When asked to solve a problem using machine learning, data scientists achieve this by following a sequence of steps. In this section, we are going to discuss those iterative steps.

Understanding a problem

"All models are wrong, but some are useful."
– George Box

The first thing to do when developing a model is to understand the problem you are trying to solve thoroughly. This not only involves understanding what problem you are solving, but also why you are solving it, what impact are you expecting to have, and what the currently available solution isthat you are comparing your new solution to. My understanding of what Box said when he stated that all models are wrong is that a model is just an approximation of reality by modeling one or more angles of it. By understanding the problem you are trying to solve, you can decide which angles of reality you need to model, and which ones you can tolerate ignoring.

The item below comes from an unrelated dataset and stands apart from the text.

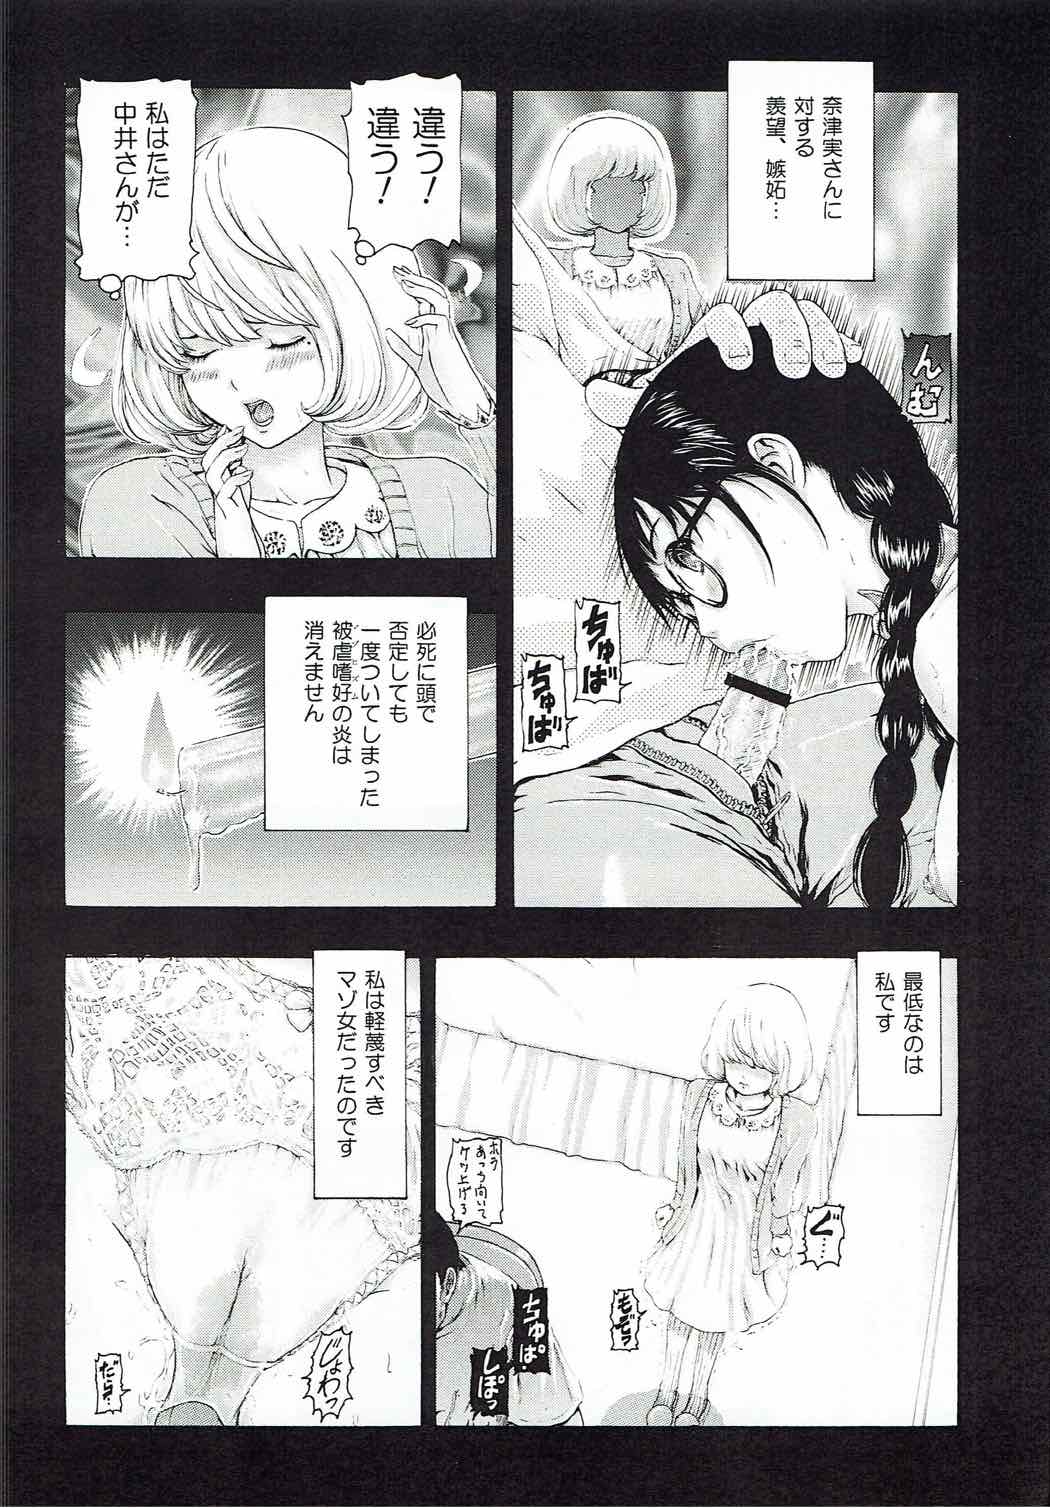 [け゜ぴけ゜ぴ (ぬャカな)] MANKOKU漫画家(とアシスタント)残酷物語 (バクマン。)

You also need to understand the problem well to decide how to split your data for training and evaluation (more on that in the next section). You can then decide what kind of model to use. Is the problem suitable for supervised or unsupervised learning? Are we better off using classification or regression algorithms for this problem? What kind of classification algorithm will serve us best? Is a linear model good enough to approximate our reality? Do we need the most accurate model or one that we can easily explain to its users and to the business stakeholders?

Minimal exploratory data analysis can be done here, where you can check whether you have labels and check the cardinality of the labels, if present, to decide whether you are dealing with a classification or a regression problem. I would still save any further data analysis until after the dataset is split into training and test sets. It is important to limit advanced data analysis to the training set only to ensure your model's generalizability.

Finally, we need to understand what we are comparing our model to. What is the current baseline that we need to improve on? If there are already business rules in place, then our model has to be better at solving the problem at hand than these rules. To be able to decide how much better it is at solving the problem, we need to use evaluation metrics—metrics that are suitable for our model and also as close as possible to our business requirements. If our aim is to increase revenue, then our metric should be good at estimating the increase in revenue when our model is used, compared to the current status quo. If our aim is to increase repeat purchases regardless of the revenue, then other metrics may be more suitable.

Splitting our data

As we have seen in supervised learning, we train our model on a set of data where the correct answers (labels) are given. Learning, however, is only half of the problem. We also want to be able to tell whether the model we built is going to do a good job when used on future data. We cannot foresee the future, but we can use the data we already have to evaluate our model.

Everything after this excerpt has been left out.